CJW: And whilst a lot of people might sneer at such obvious marketing/merchandising ploys, you can’t deny that it’s a great way to get people involved in a story. Why buy a toy, or a shirt, or whatever when instead you can buy into a portal to a whole other universe?
AA: I like the idea that ONP can make narrative “springboards” - to celebrate the potential of ephemera, to create stripped down but conceptually dense packages of ideas. And if you end up with some crazy looking shirts with monsters on them or whatever, then all the better! Because that shit is cool.

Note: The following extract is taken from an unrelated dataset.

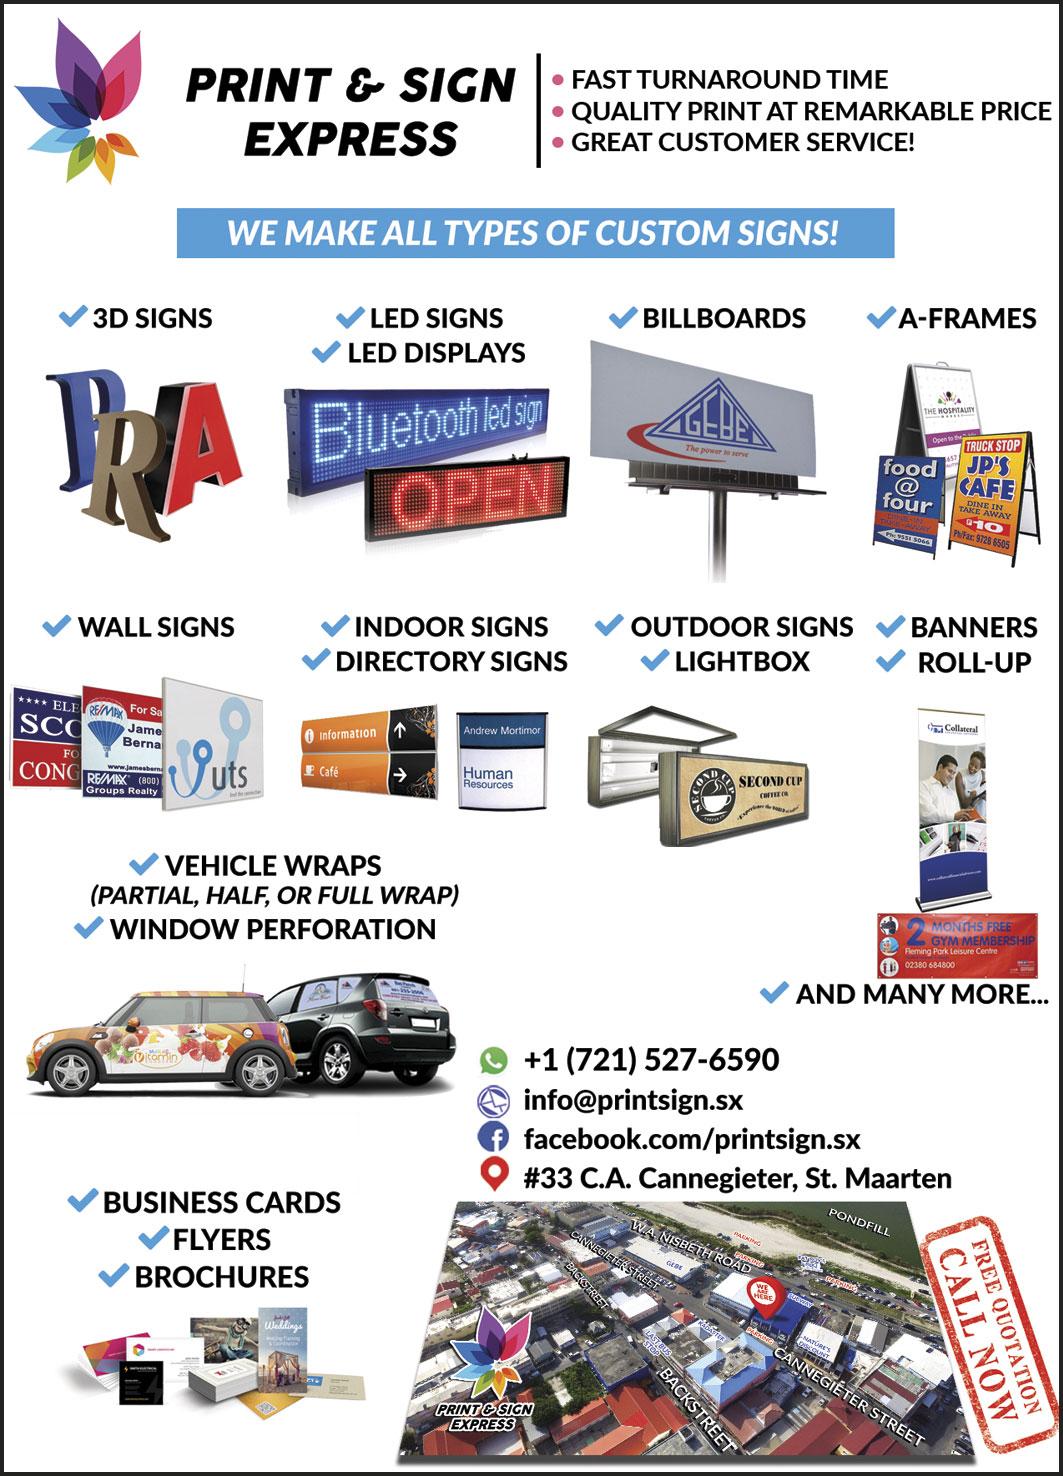 St Maarten Telephone Directory - Print & Sign Express

Once again, download MECHADEATH right heeerrreeeee and check out www.ohnothingpress.com - drop us a note and let’s us know what you think!
//
CJW: I have a story in the upcoming A Punk Rock Future anthology from Zsenon Publishing. They’re running a kickstarter for the anthology right here, with rewards including ebooks and paperbacks (obviously), as well as music from some of the authors in the anthology, a story critique from Erica L. Satifka, and a bunch more. (NB: I’m not involved in the kickstarter at all, I just love the whole vibe of the anthology and want the campaign to be a success.)
//
MJW: My story The Walking Thing has been reprinted in Black Inc’s Anthology Best Summer Stories. It’s about a small town, a different kind of plague, but also about familial relationships, and caring too much about people who don’t care about you. You can find it, and heaps of other great Australian stories here.
\
CJW: That’s us for another fortnight. Keep looking after yourself and those closest to you. Have love and empathy for the people you care about, and nothing but white-hot rage for the people who stand in the way of a better world.